So… you are in favor of respondeat superior. well Rothbard, Pilon, Hessen and I are not. Congratulations on your glomming onto the state schema.

26. TokyoTom (Feb 20 at 5:35 pm)

You disappoint by never failing to disappoint, Stephan.

1. “I am at a loss to identify the coherent libertarian principle you are trying to invoke. Who cares about the modern positive state law of ‘piercing the corporate veil,’ for example–what possible relevance has this for justice?”
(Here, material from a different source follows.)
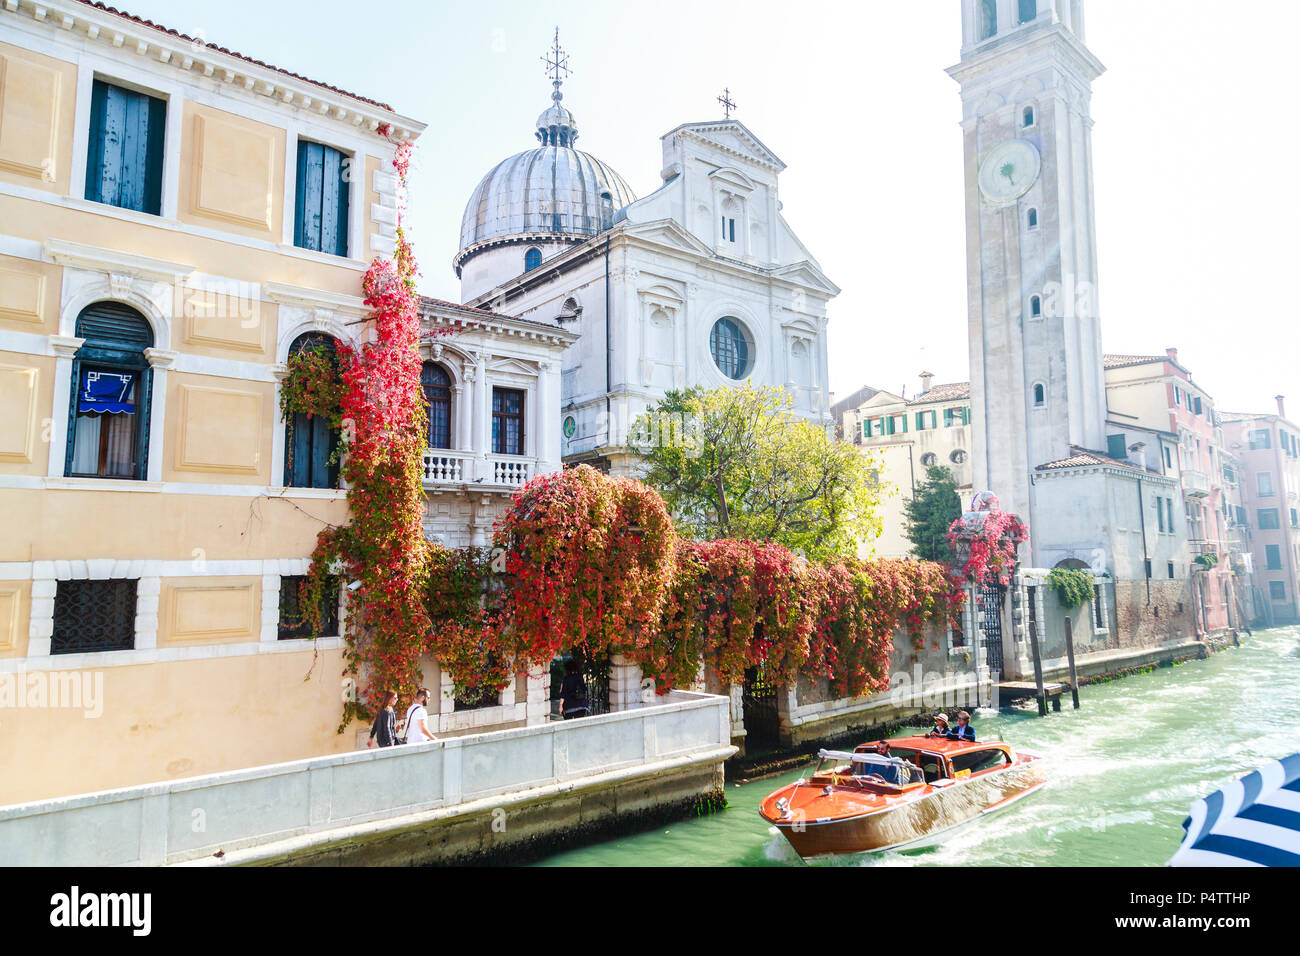 Klassische Motorboot mit zwei ständigen Touristen und Geschäftsreisende, die Chiesa San Giorgio (Griechische Kirche) am Rio del Greci im hellen Sonnenschein und Farben, Venedig, Italien. Stockfoto

You are at a loss to understand the libertarian principle that a man — even a shareholder — might be called to account for his own acts? I agreed that shareholders should not be liable qua shareholders, and simply indicated that they might be liable based on their own actions. Corporate “veil piercing” is justified if based on a fact-finding that a shareholder directed a tortious act.
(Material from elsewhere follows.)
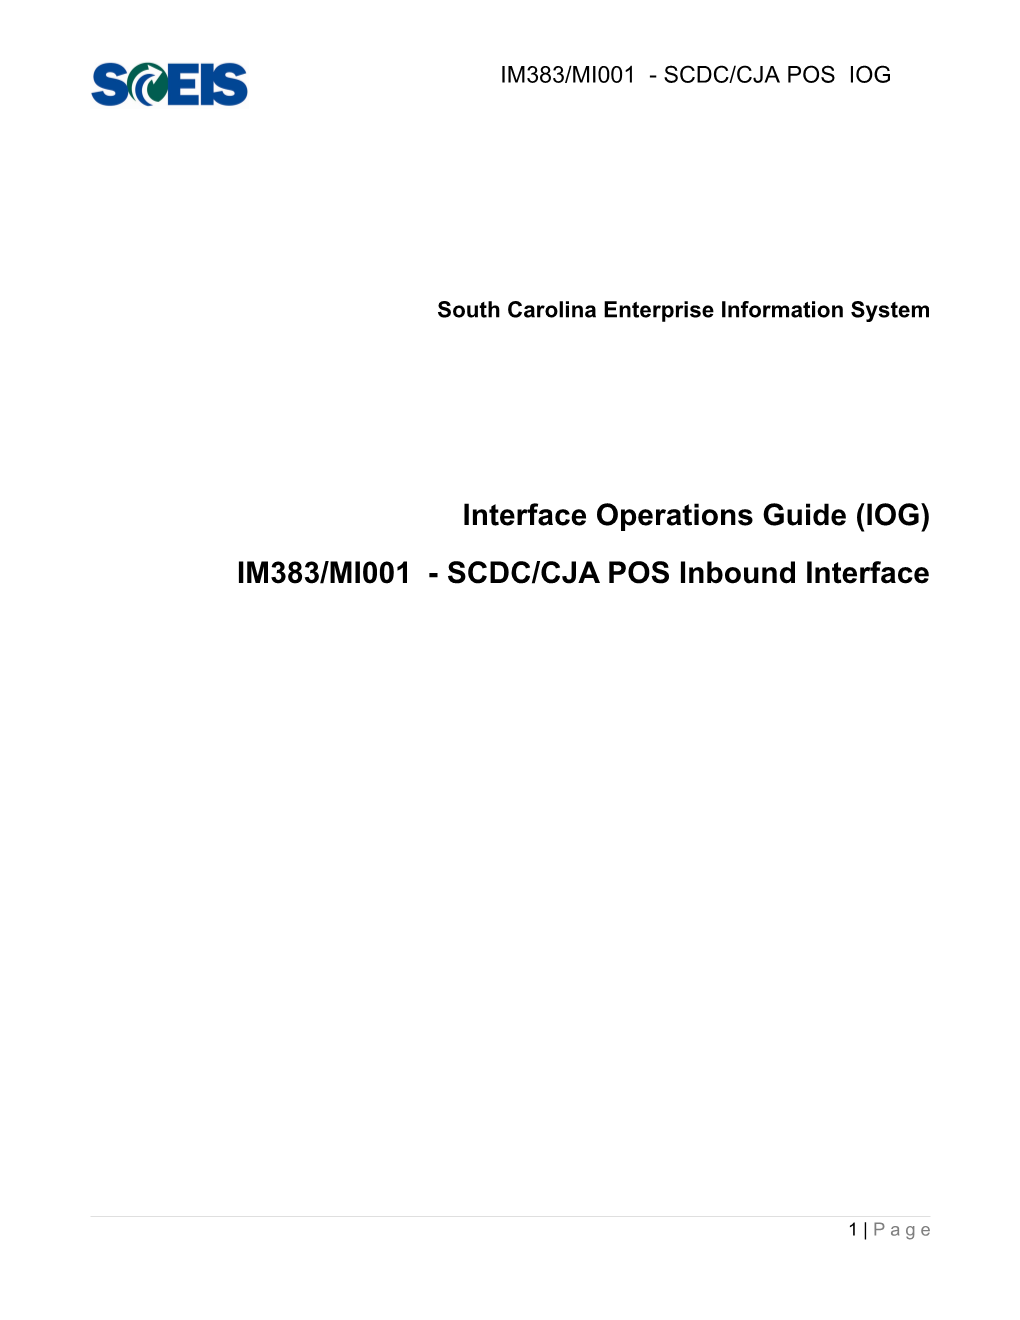 IM383 IOG - SCDC Canteen CJA POS - Inbound Interface V1

2. “Wasn’t clear to me, kemosabe, but then I don’t have your IQ or whatever.”

Real gentlemen don’t find admissions of error so difficult, and sneering, gratuitous contempt and off-handed offensiveness so easy. Whatever.

3. Me: “Partners and sole proprietors were/are not deemed automatically responsible for torts committed by their employees, yet the risk and expense of potential lawsuits has always served to have them pay attention to risks that their employees and agents might harm others. An artificial state-made liability cap freed shareholders from downside risks, and incentivized blind eyes to practices that were costly to others. ”

You: “What does this frenetic screed of incoherent babble have to do with libertarian principles? Answer: not much.”

Kindly demonstrate that this is both babble, and babble not related to libertarian principles. Austrians are keenly attuned to moral hazard, and I was describing what I perceive as dynamics, not a principled position on liability rules (though LvMI has published pieces calling for a prohibition on corporations in the banking sector). But if I recall correctly, you too have indicated that you oppose the state structuring of/stamp of approval on corporations.

Your own frothing has nothing to do with libertarian principles, and in fact demeans them.

4. Me: “It is clear that respondeat superior doctrine was expanded judicially and by law as firms left the realm of private businesses and became favored creatures of the state. ”

You: “So… you are in favor of respondeat superior. well Rothbard, Pilon, Hessen and I are not. Congratulations on your glomming onto the state schema.”

Congrats on another false and unjustifiable conclusion. Par for your course. Austrians Mises, Hayek, Rothbard, Block, Cordato etc. all describe what they discern of the dynamics of human action within institutional structures; please congratulate them too for glomming onto the state schema.

Ad hom is a shameful game, Stephan. It discredits your good work that you that you thrill to it so much.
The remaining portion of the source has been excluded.